Highly anticipated characters like Black Panther (Chadwick Boseman) and Captain Marvel (Brie Larson) will get solo movies over the course of the next few years. The former previously debuted in Captain America: Civil War, but both had been atop lists of characters fans wanted to see brought into the universe. They may have had to wait longer than anticipated, but Marvel wants to make sure they get them right.
Complex spoke to Marvel Studios executive producer Nate Moore – who served this role for Civil War and will do so again with Black Panther – and asked him about Marvel’s upcoming diversity push. He made a point to clarify that while they are thrilled to bring diverse characters to the big screen, they don’t want to rush their introductions just for that purpose.

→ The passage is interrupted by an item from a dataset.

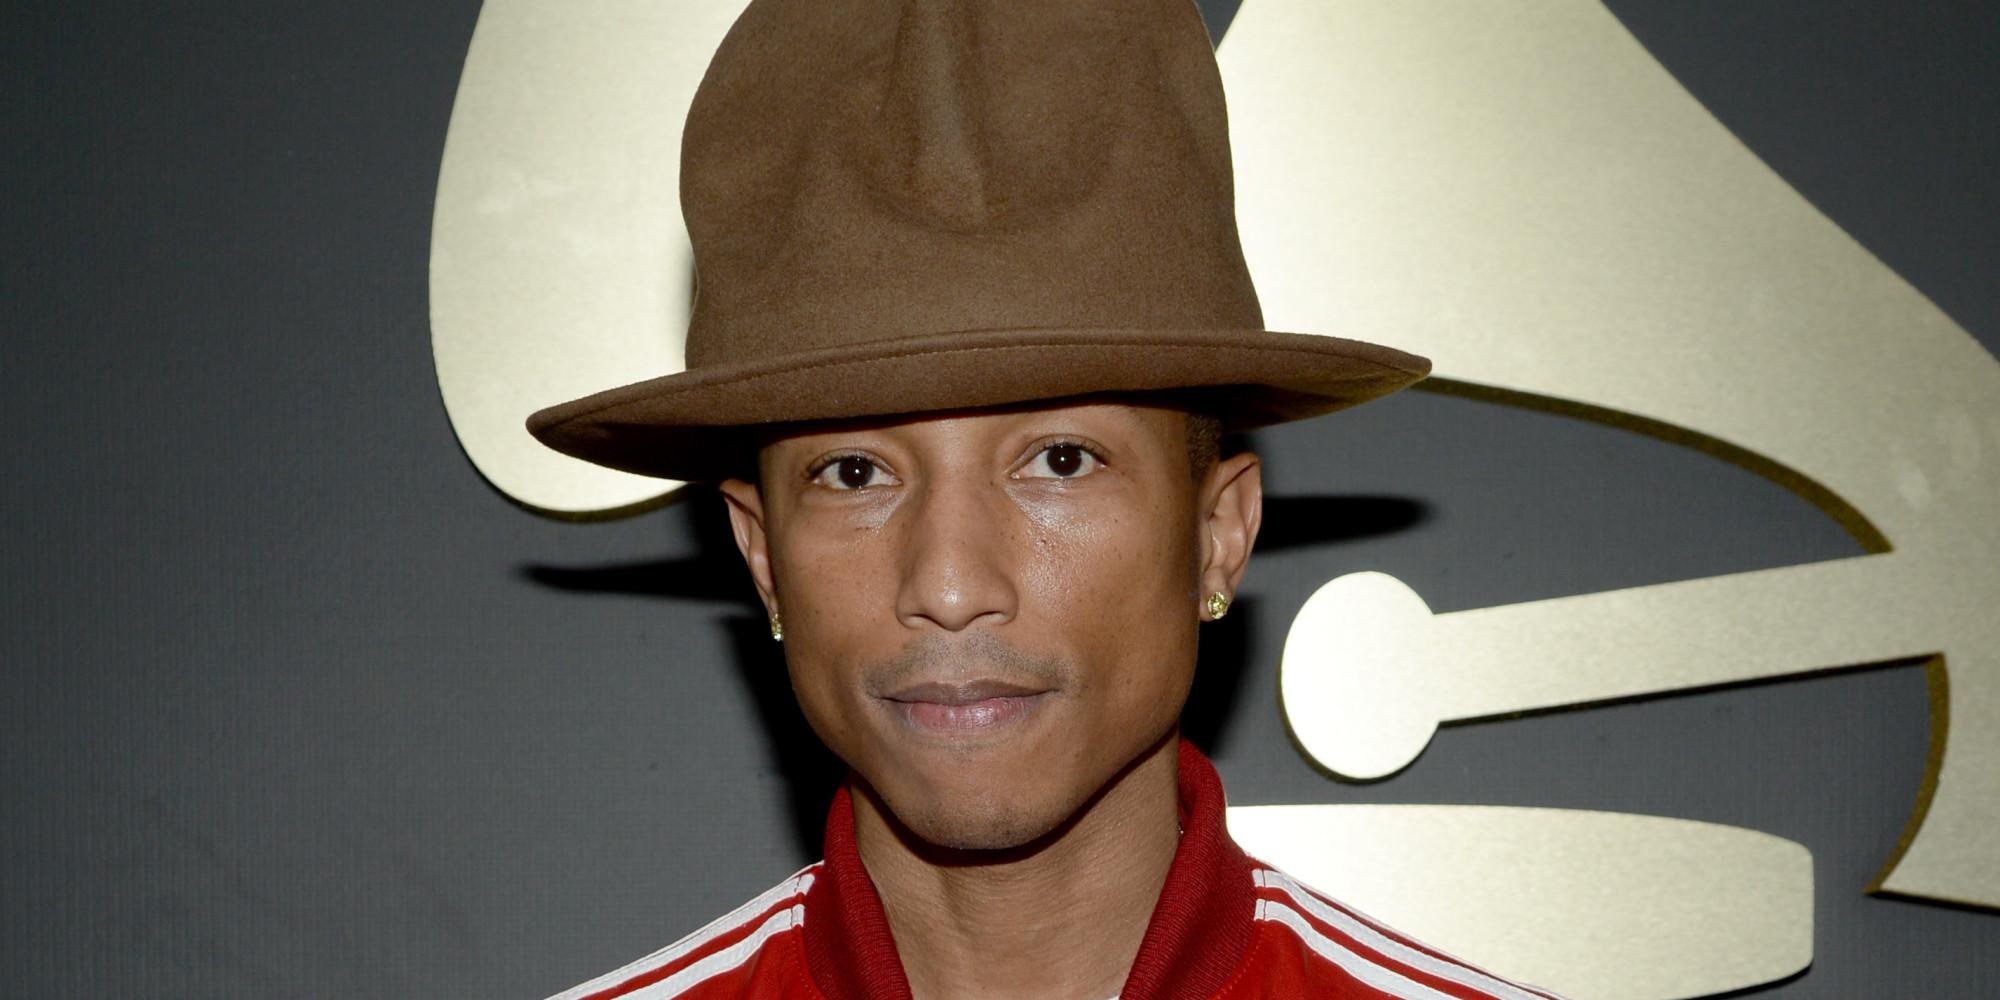 Pharrell Hat The Voice Pharrell Williams' Mountie Hat

We want to tell the best stories with the strongest developed characters and scripts that we can. Our biggest concern is that, in trying to get more characters out there, we rush something that’s not ready and we deliver something that’s not up to our standards. So it’s less about us rushing a character that’s diverse to get it out quickly and more about figuring out how to do it right.
The explanation sounds good on paper as it shows Marvel’s care for all of their characters, but specifically those that do add diversity to their lineup. With female heroes and those of color being a major minority in the genre, fans are eager to see more of them, but Marvel understands that these characters specifically need to be hits. The better these diverse films do, the more likely it is that they will see sequels, but also they can be examples for Hollywood to follow suit. We’ve seen films like Get Out and Wonder Woman be these examples this year, and the hope for Marvel is that Black Panther and Captain Marvel will be just the beginning of a diverse lineup in the years to come.
That said, this rationale still does not account for these characters taking so long to make it to the big screen, when stranger and more obscure concepts like Guardians of the Galaxy, Doctor Strange, or Ant-Man move through production at a faster rate. Yes, Moore’s explanation still adds up with them putting the emphasis on quality of the characters over how quickly they debut, but it is difficult to rationalize why diverse characters take a longer time to “get right” – unless they just don’t have a similar urgency put on them.
Thankfully, this should only be the beginning of Marvel Studios diversifying their universe. They may have even laid the groundwork already to have an incredibly diverse lineup in the future if Anthony Mackie becomes the next Captain America, Tessa Thompson’s Valkyrie is the next one to wield Mjolnir, or by putting Evangeline Lilly’s Wasp into a prominent role in a sequel and having multiple female leads in Guardians of the Galaxy Vol. 3. Plus, should Scarlett Johansson get the long rumored Black Widow film, it will only further diversify their lineup – and none of this accounts for new characters that will be introduced down the road. Either way, it is not surprising to hear this is Marvel’s approach, but it’s great to see their plan finally making it onto the screen.